Виссарион понял, что запаниковал. Для всякого другого паника заключалась бы в бессвязных воплях и истерических метаниях, а для него — в диких мыслях. Это же надо додуматься — сопровождать груз без оружия!..

Мысль выбросить в болото груз не могла прийти ему в голову — для этого не хватило бы и самой отчаянной паники, потребовалось бы буйное помешательство. Скорее уж, Виссарион выбросился бы в трясину сам.

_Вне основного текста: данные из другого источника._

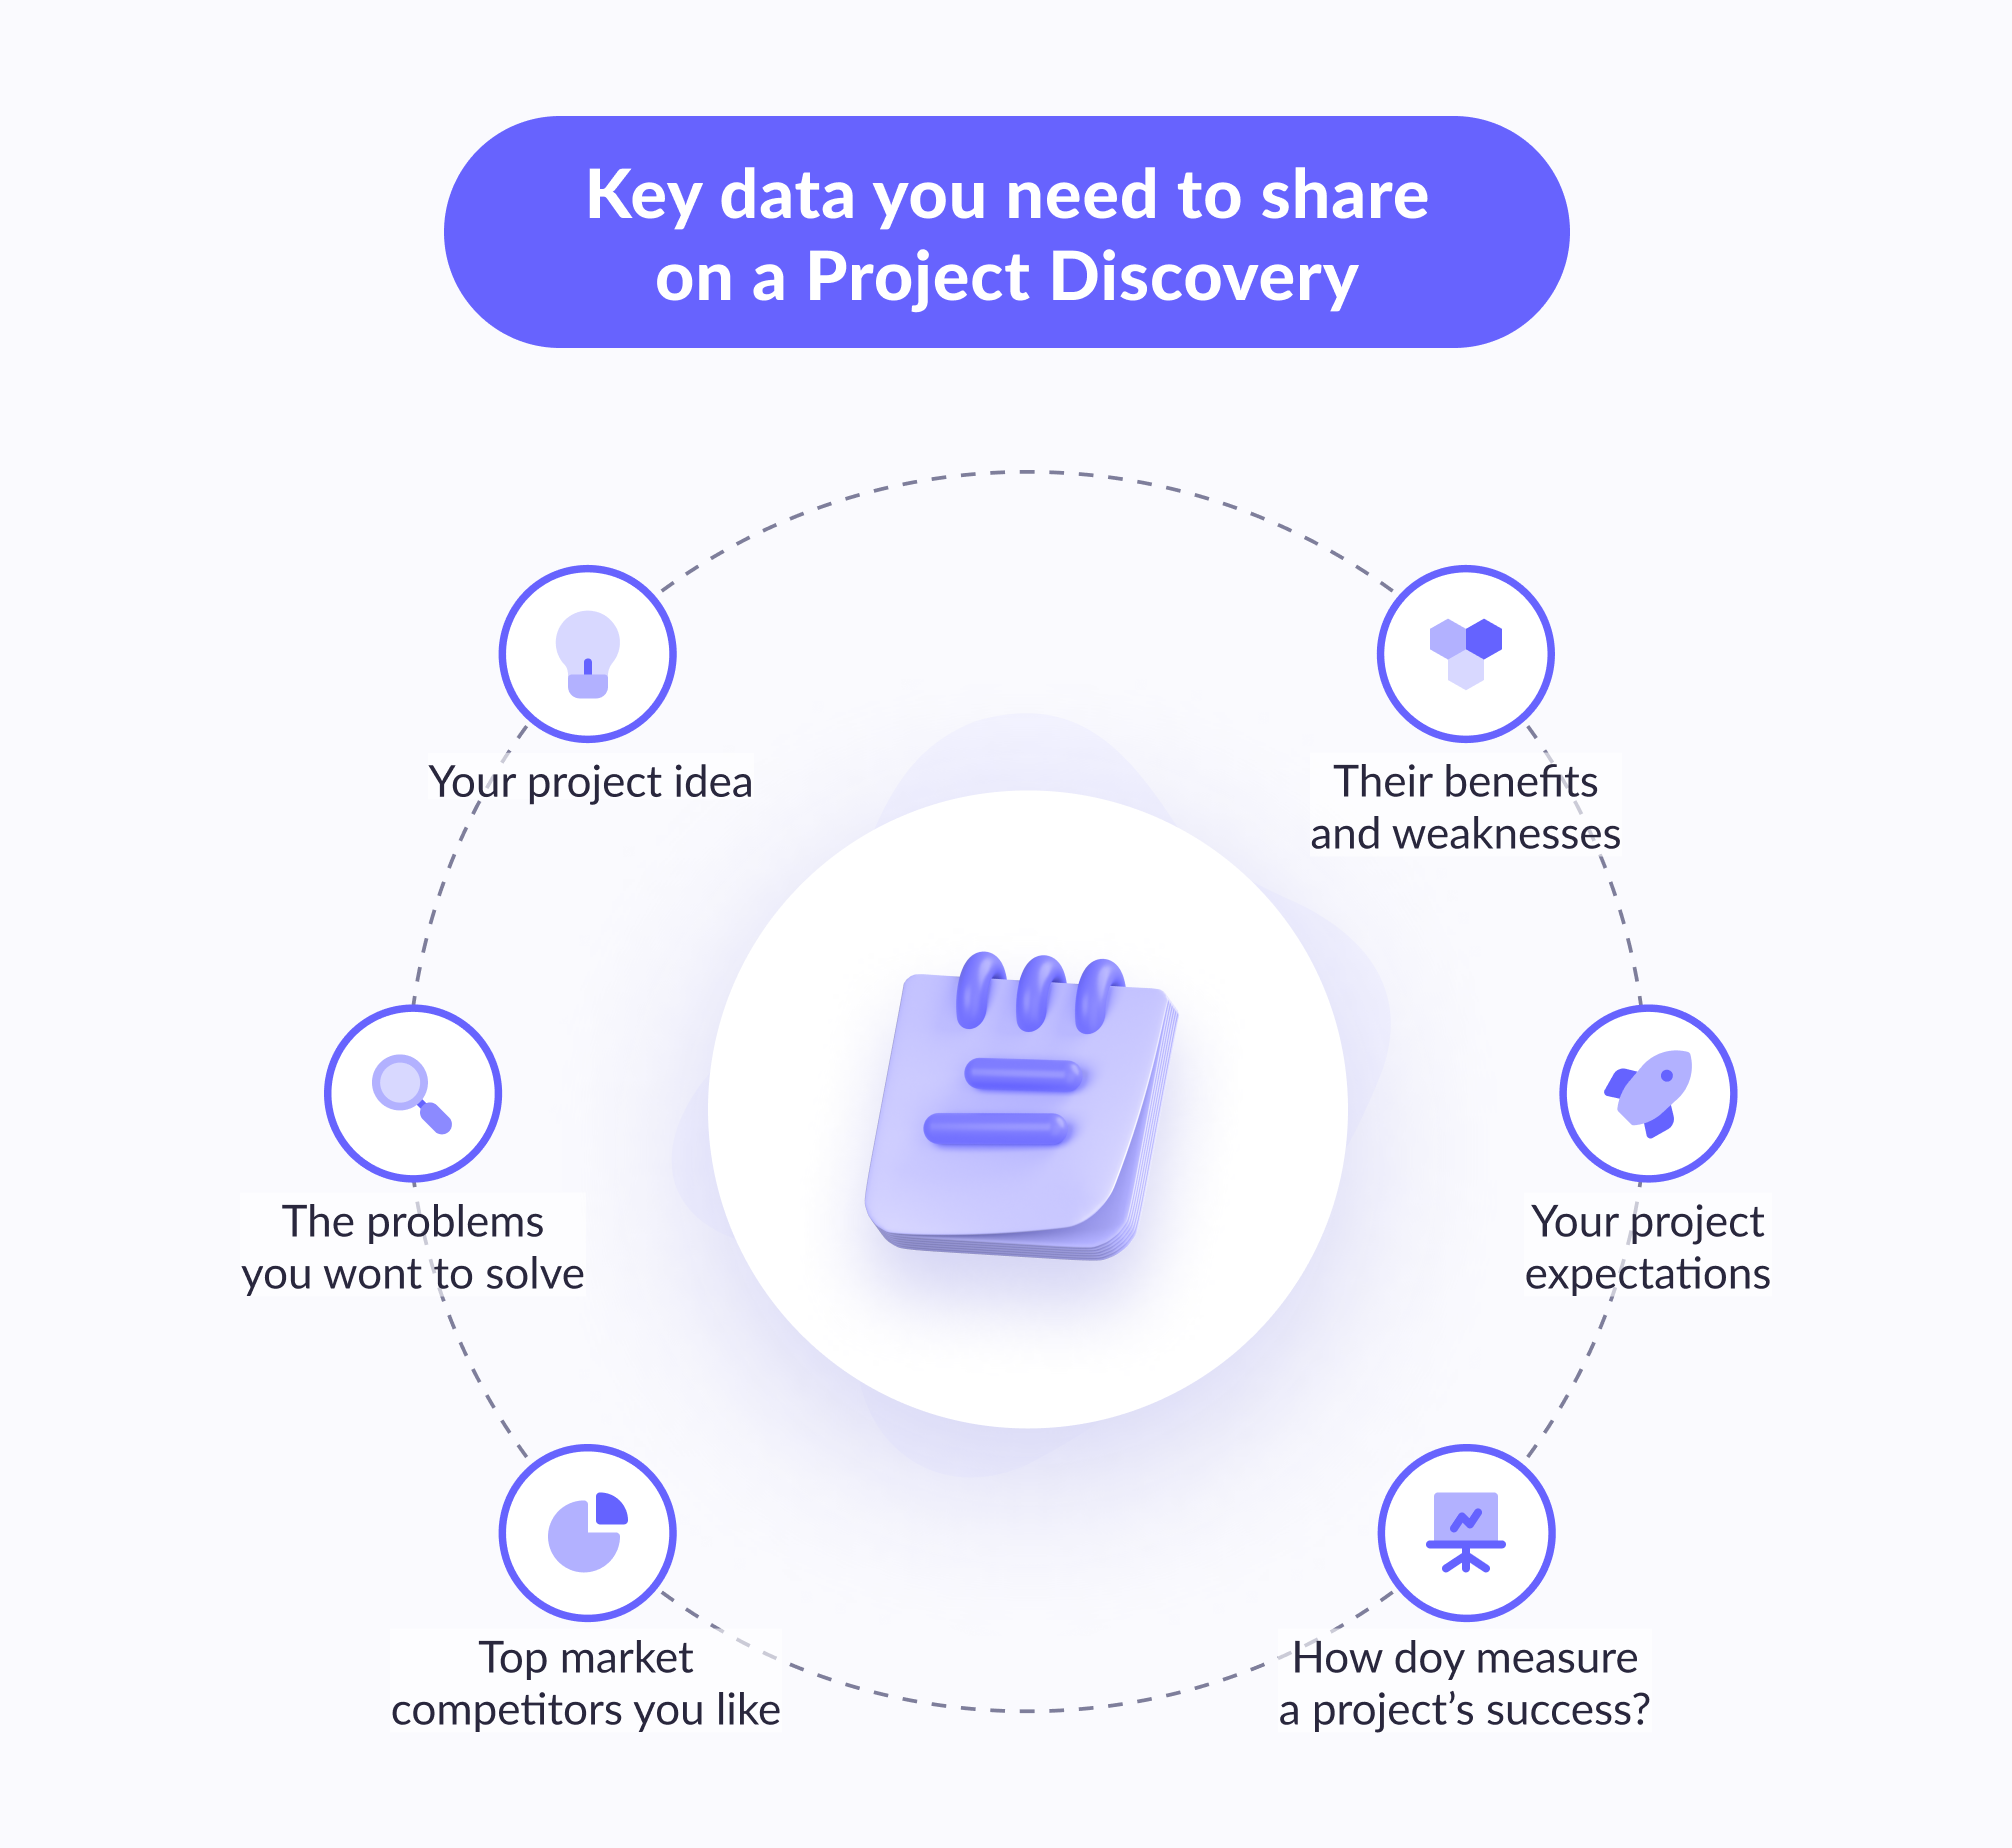 Key data you need to share on a Project Discovery

Так же бесшумно, как работал до того, антиграв-привод дал первый сбой: платформа задрожала и клюнула носом. Нет, выправилась, тянет… Черт, снова дрожит… И проседает все ниже…

Медленно, по сантиметру, платформа теряла высоту. Виссарион не глядел вниз — не хотелось впадать в первобытный ужас. Он смотрел только вперед — на приближающийся берег.

Тот и впрямь приближался, теперь гораздо медленнее, чем раньше. Мертах в ста от него тошнотворная гиблая жижа разнообразилась моховыми кочками и метелками жестких травянистых растений. Дотянуть бы…

Чпок! Платформа коснулась плоским днищем поверхности жижи. Подскочила, трясясь, как в лихорадке, задела снова… Чпок! Чпок-чпок-чпок!..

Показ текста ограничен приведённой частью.